The US president will "push a poisonous dagger" into Iran's back, the ayatollah warned, adding that the outpouring of grief at the funeral for Iran's top general, Qassem Soliemani, who was killed in a US airstrike earlier this month, shows that Iranians support the Islamic Republic.

Khamenei said America had "cowardly" killed the most effective commander in the fight against the Islamic State group when it killed Soleimani in Baghdad.
In response, Iran launched a barrage of ballistic missiles targeting US troops in Iraq, without causing serious injuries.
"The fact that Iran has the power to give such a slap to a world power shows the hand of God," Khamenei said.
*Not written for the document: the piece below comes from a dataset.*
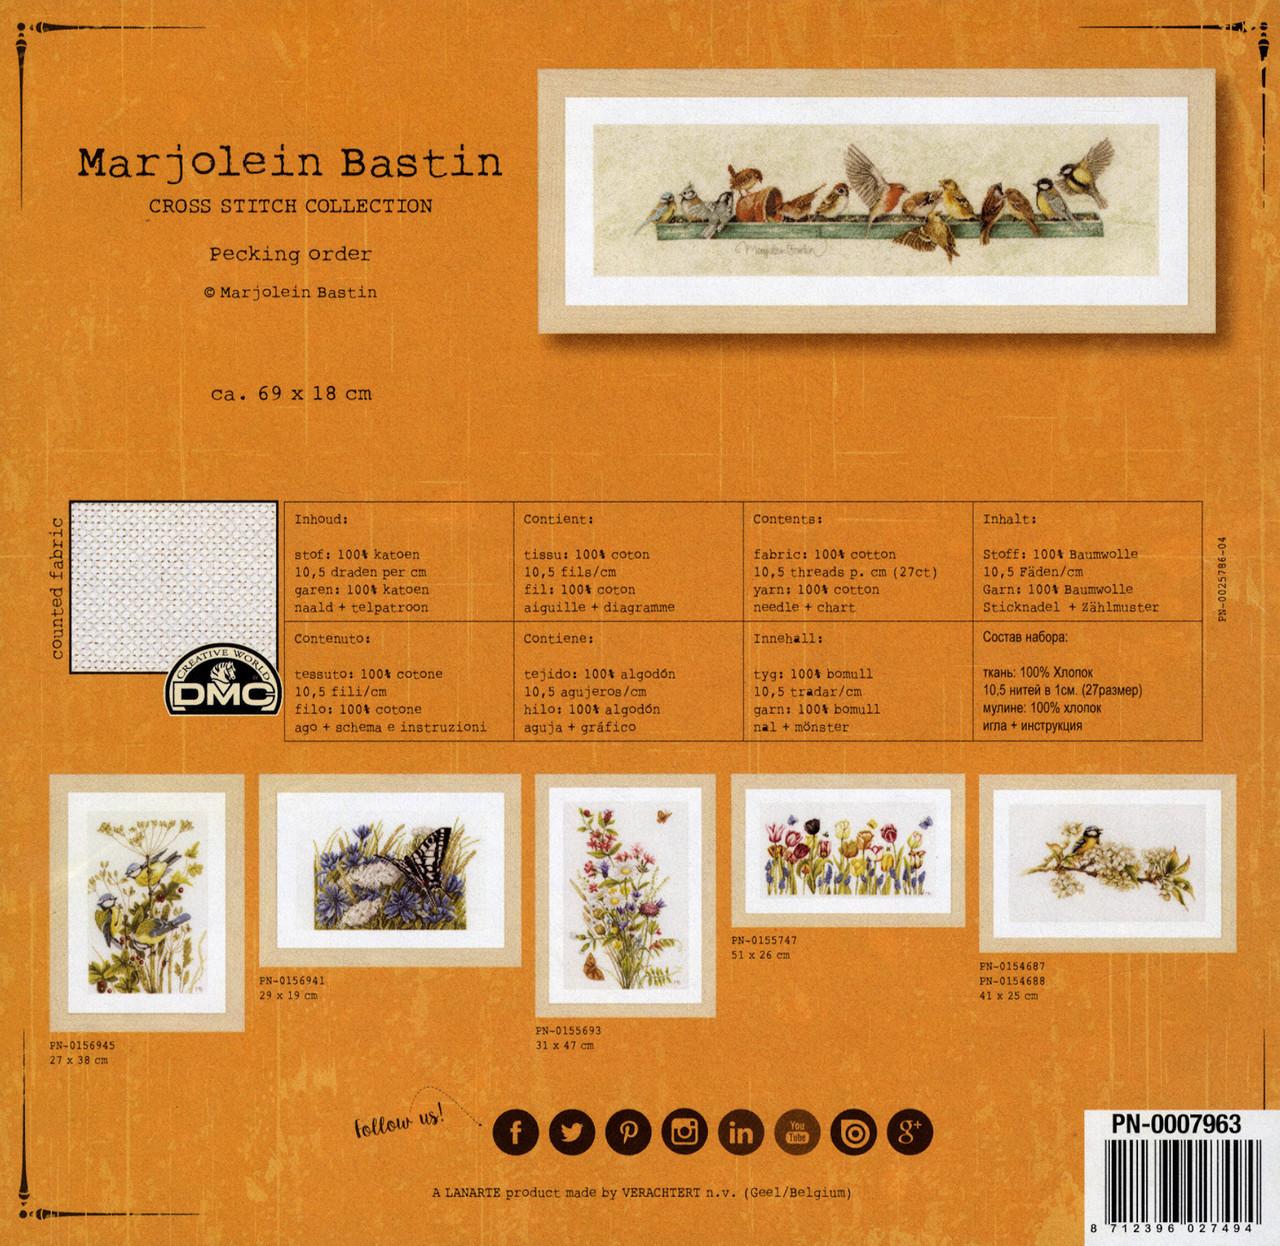 LanArte - Marjolein Bastin The Pecking Order
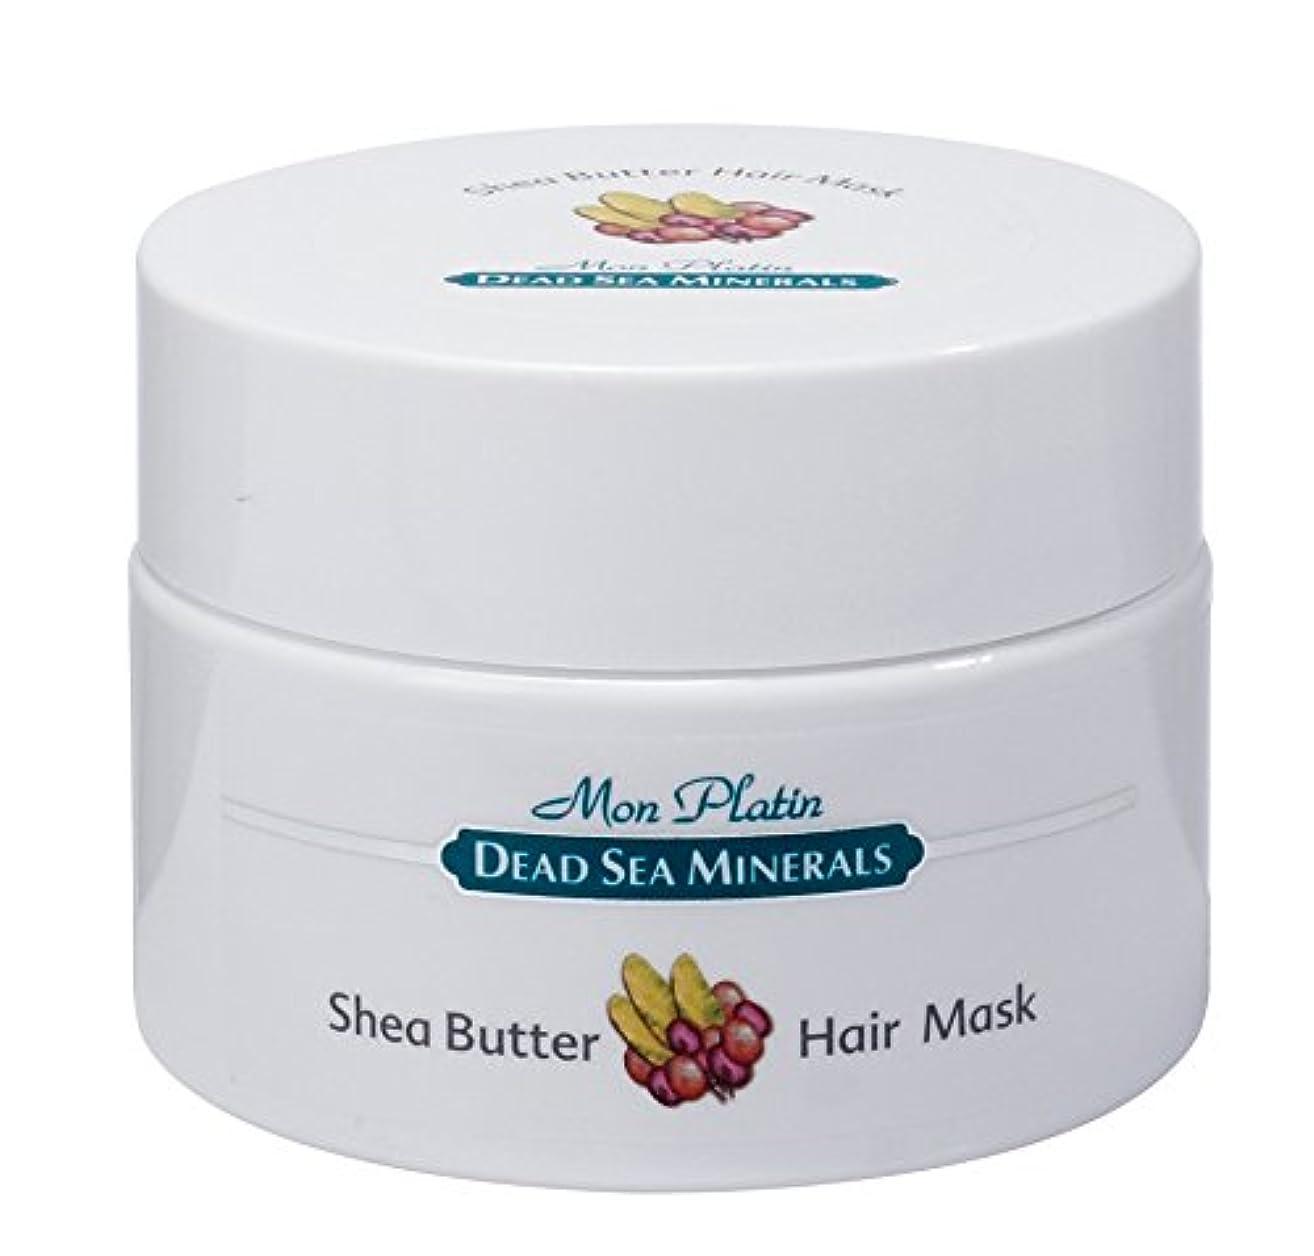 インタラクションカルシウムラビリンス死海ミネラルシーバター髪マスク 250mL 死海ミネラル 天然 お手入れ 美容 イスラエル (Shea Butter Hair Mask)

As Iran's Islamic Revolutionary Guard Corps braced for an American counterattack that never came, it mistakenly shot down a Ukrainian jetliner shortly after it took off from Tehran's international airport, killing all 176 passengers on board, mostly Iranians.
He called the downing of the Ukrainian passenger plane a "bitter accident" that saddened Iran as much as it made its enemies happy.
He also said that three European states who were party to a nuclear pact from which the US has already withdrawn "cannot be trusted," after Britain, France and Germany triggered a formal dispute mechanism in the agreement, which could lead to UN sanctions being reimposed.
The ayatollah has held the country's top office since 1989 and has the final say on all major decisions. The 80-year-old leader openly wept at the Soleimani's funeral and vowed "harsh retaliation" against the United States.
Khamenei last delivered a Friday sermon in February 2012, when he called Israel a "cancerous tumor" and vowed to support anyone confronting it. He also warned against any US strikes on Iran over its nuclear program, saying the US would be damaged "10 times over."